Dutch journalist, novelist and scenario writer

Anthonie "Anton" Koolhaas (16 November 1912 – 16 December 1992) was a Dutch journalist, novelist, and scenario writer.

==Biography==
Anthonie Koolhaas was born on 16 November 1912 in Utrecht, Netherlands. He was the son of Teunis Koolhaas and Trijntje de Boer, and he had two elder brothers and an elder sister. He grew up in Utrecht, where the Remonstrant family lived. He had little connection with the members of his family and he developed a rich imagination. He wrote his first play at the age of seven.

He attended the hogere burgerschool in Utrecht. Between 1931 and 1935 he attended Utrecht University, studying an individual program related to journalism.

He wrote the scenario of the Academy Award-nominated films Everyman (1963) and Ape and Super-Ape (1972), both directed by Bert Haanstra.

He is the father of architect Rem Koolhaas (1944).

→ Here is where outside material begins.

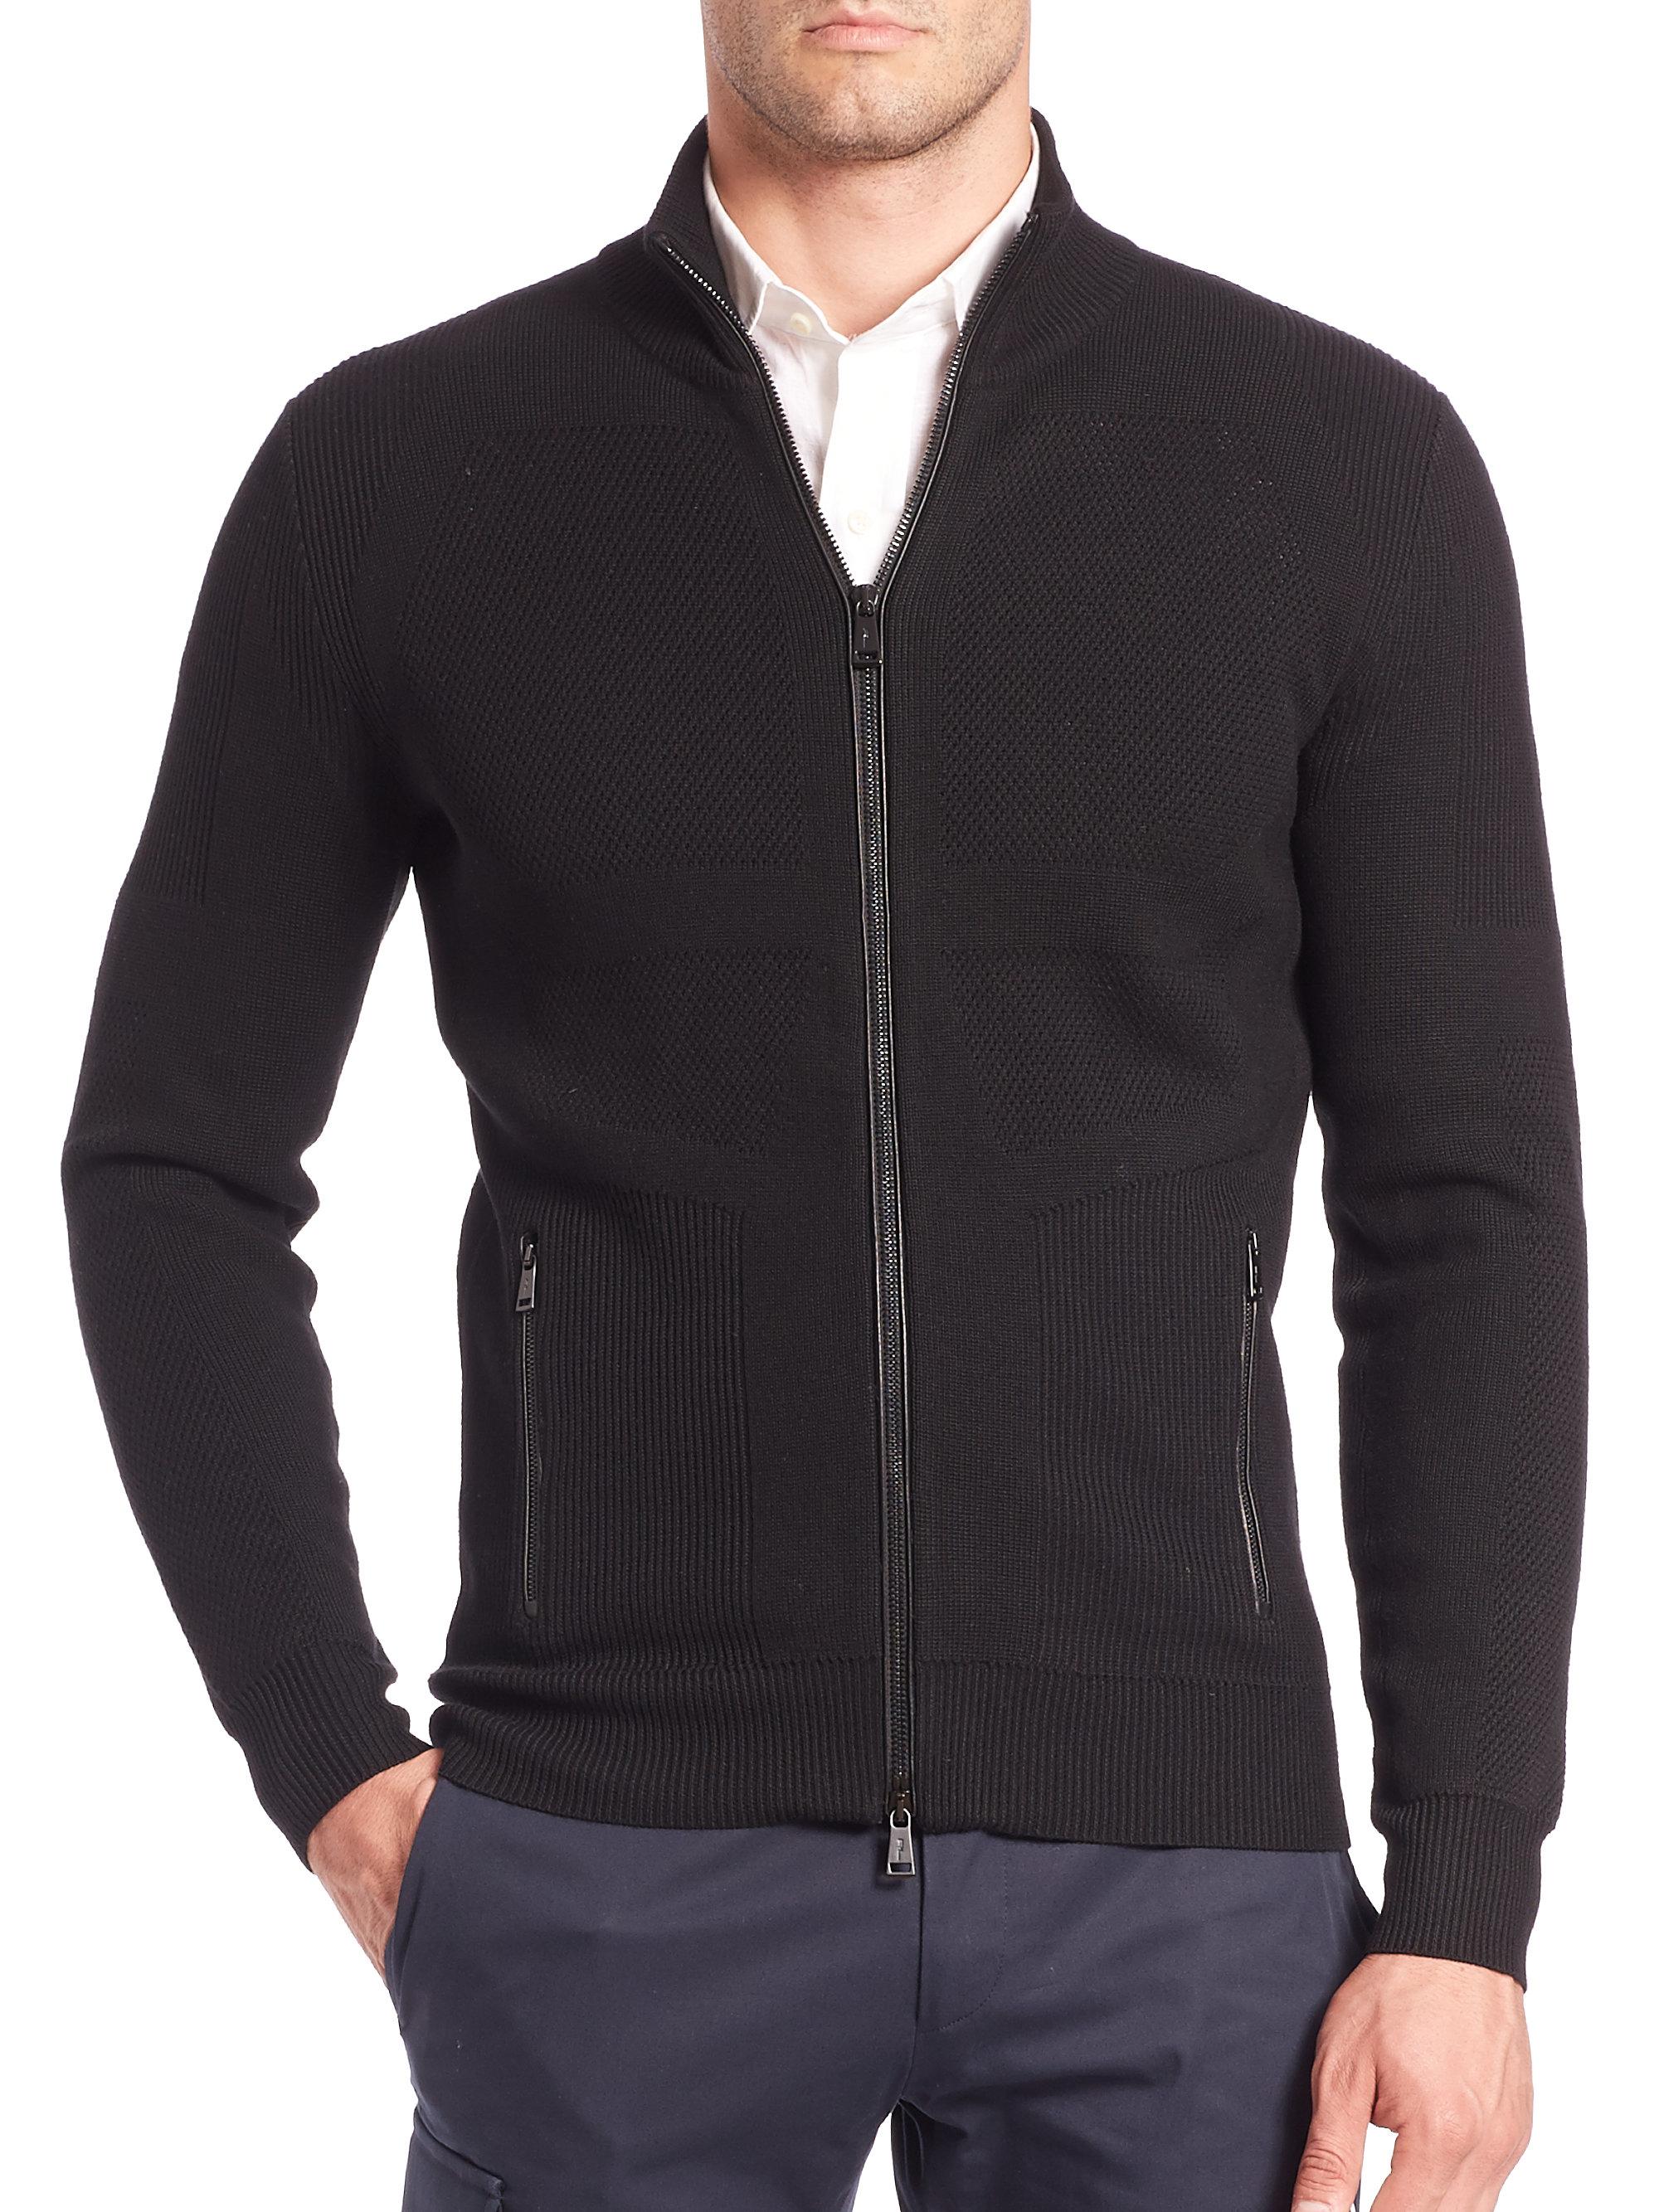 Ralph lauren black label Body-map Merino Wool Sweater in Black for ...

He won the Constantijn Huygens Prize for his complete works in 1989 and the P. C. Hooft Award, a literary oeuvre award, in 1992.

He died on 16 December 1992, age 80, in Amsterdam, Netherlands.

==Bibliography==
- De deur (1933)
- Stiemer en Stalma (1939)
- Poging tot instinct (1956)
- Vergeet niet de leeuwen te aaien (1957)
- Er zit geen spek in de val (1958)
- Gekke Witte (1959)
- Een gat in het plafond (1960)
- Weg met de vlinders (1961)
- Een schot in de lucht (1962, "Boekenweekgeschenk")
- Een pak slaag (1963)
- De hond in het lege huis (1964)
- Een geur van heiligheid (1964)
- Niet doen, Sneeuwwitje (1966)
- Vleugels voor een rat (1967)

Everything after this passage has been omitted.